Your understanding is correct. Both make same kind of Boundary Element (BE) for down-stream processor to deal with.

Here are some thing related in depth. A rigid boundary element always puts extra stiffness to a single DOF, kind of a constraint on that DOF. An elastic boundary element generally put stiffness on multiple DOFs (of that same node). If you rotate model making its direction as a coordinate axis, i.e. a LCS axis, then they are same.

In either case, all BE (rigid, elastic, and displacement) are not exact Boundary Condition (BC) though their engineering sense is a "constrained DOF". Numerically their related DOFs are still unknowns that need to be SOLVED from final linear system of equations. On the other hand, the DOFs with BC won't appear in the system equation, they are truly constrained DOFs, i.e. mathematically disappear from final linear system of equations.

Their numerical difference could be big in some cases while their engineering sense is similar. BE made the system ill-conditioned, i.e. more difficult to solve and could be totally inaccurate when ill-conditioning is too big; the BC made smaller system is easier to solve and yields more accurate solution. So if you can use BC then try to avoid using BE in general.

-xli

Hi,

Since your mesh as example showed is uniform there, "drawering line and then combining copy lines" will work though a little bit time comsuming. I don't have your model, so I made a simpler and similar sample with steps to make truss. See if it helps.

results:

When you create the element part to host lines, i.e. trusses, you need to set up truss area and its material property.

-xli

Hi PSteven,

The truss element and elastic boundary element (1D spring in the version of software you are using) will give the same results as long as the input is the same. In this case, the input is the stiffness. For a truss, the stiffness k = A*E/L. The stiffness needs to represent the stiffness of the item they represent, whether that is a foundation or a beam against which your model abutts.

Instead of fixing the nodes/surface where the bearing are, and instead of trying to model the bearings, why don't you use a pin constraint? ("Setup > Constraints > Pin Constraint"). This is meant to simulate a shaft held so that it can rotate about its own axis. Or if the bearing do not prevent bending/rotation, then you can create a "Mesh > CAD Additions > Joint" at each bearing, create a "universal" type joint, and restrain the node at the center of joint. The universal joint would act like a ball and socket at each bearing. Two points of restraint leave the part free to rotate about the axis through the two points while allowing bending like a simply supported beam.

Hi there,

I like your approach: simulation something that you are familiar with and has known results so that you can learn how to model, etc. I think you will learn a lot from this one model, which in some respects looks so easy. It is about to become more complicated.

For your first question: does contact between parts happen automatically? The answer is yes. The type of contact between parts is determined by the last branch in the browser: "Contact (Default: Bonded)". Bonded means the nodes on adjacent parts are connected together, and this simulates a full weld or fully glued condition. If all parts (or a majority) have the same type of contact, change the default.
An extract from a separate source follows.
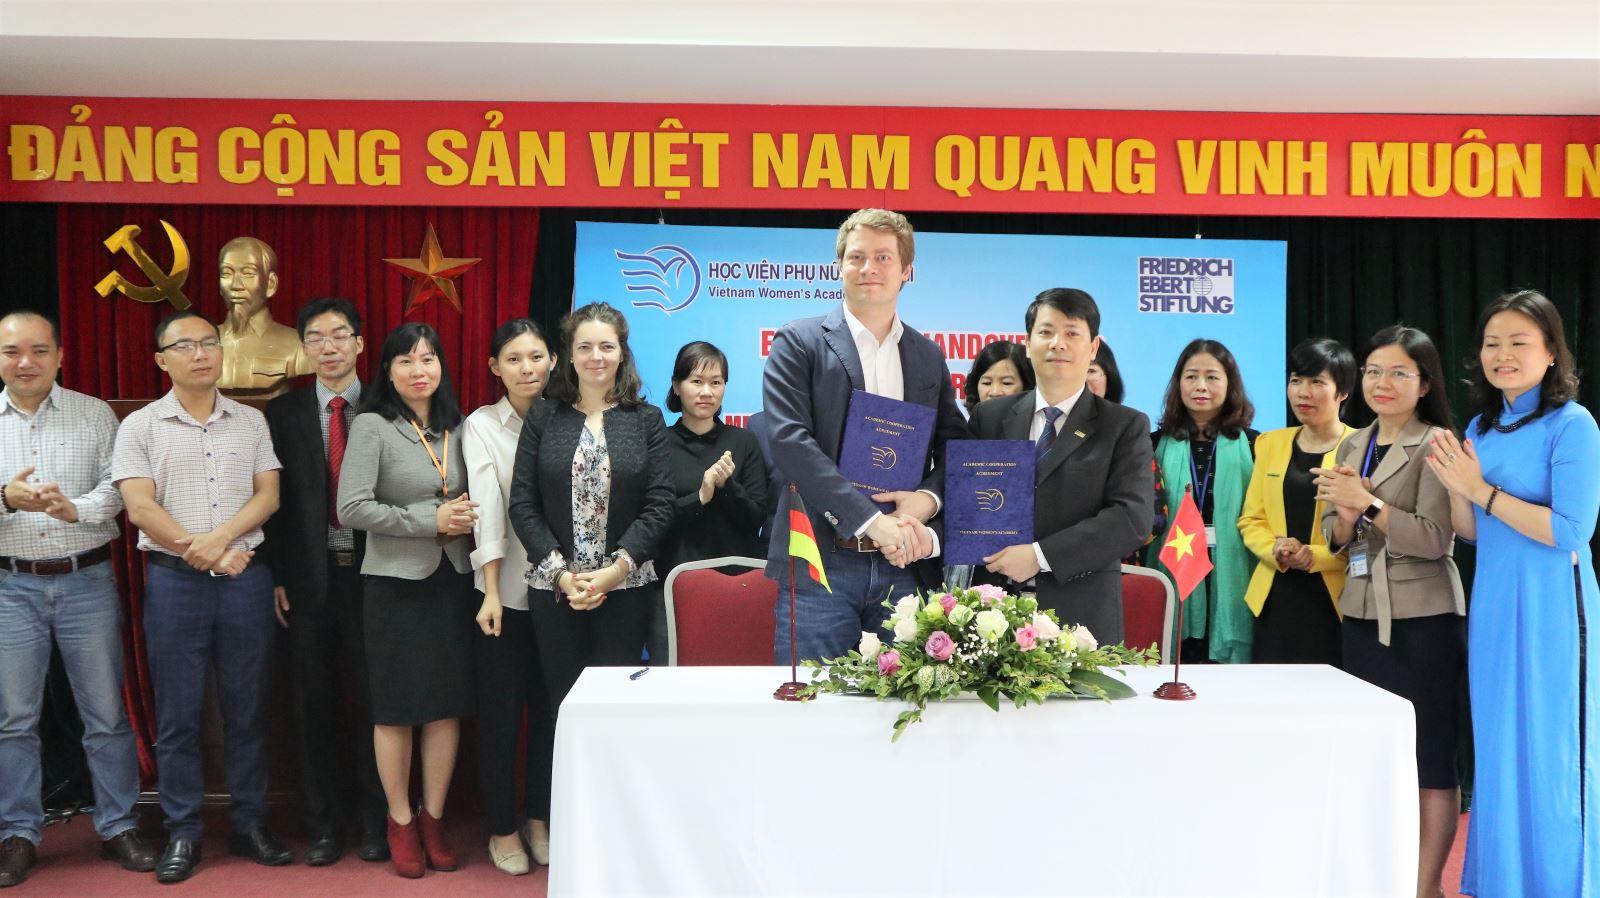 Học viện Phụ nữ Việt Nam ký kết thỏa thuận hợp tác với Viện Friedrich-Ebert-Stiftung (FES), Cộng hòa Liên bang Đức

To define a different contact type between parts, either select the two parts, or the two surfaces, or some combination of the two. Right-click in the canvas and choose "Contact > X".

Item 5 from the figure: 0.002" clearance between bearing and shaft.

In a linear static stress analysis, parts need to be in contact. So the mesher will remove such small gaps. The bearing and shaft are connected together (based on the type of contact defined).

Item 2 from the figure: BC Ty Tz Ry Rz.

I suspect the boundary conditions are not doing what you want.

• Brick elements cannot be restrained with a rotational constraint. The processor ignores that part of the constraint. So the constraint on the bearings is really just Ty Tz.
• I am not sure if you wanted the bearings free to rotate, or whether the shaft was meant to rotate inside of the fixed bearings. If you wanted rotating bearings, the bearings are not free to rotate in your setup. One way to think of it is that solid bodies do not rotate, not in real life and not in simulation. What happens is all of the points translate to a different location, and this gives the "illusion" of rotation. Yes, it is silly to think of it like that in real life, but simulation follows a stricter set of rules. Hopefully, the figure below shows why the bearings are not free to rotate.
• If you wanted the shaft to rotate inside of the bearings, then you could define surface contact between the bearings and shaft. But then there would be nothing to prevent the bearings from translating in the X direction. So IF you use surface contact between the shaft and bearings, you should change the constraints on the bearings to Tx Ty Tz.
• Mathematically, it is much simpler to use the pin constraints and forget the bearing entirely.

I think that is all for now.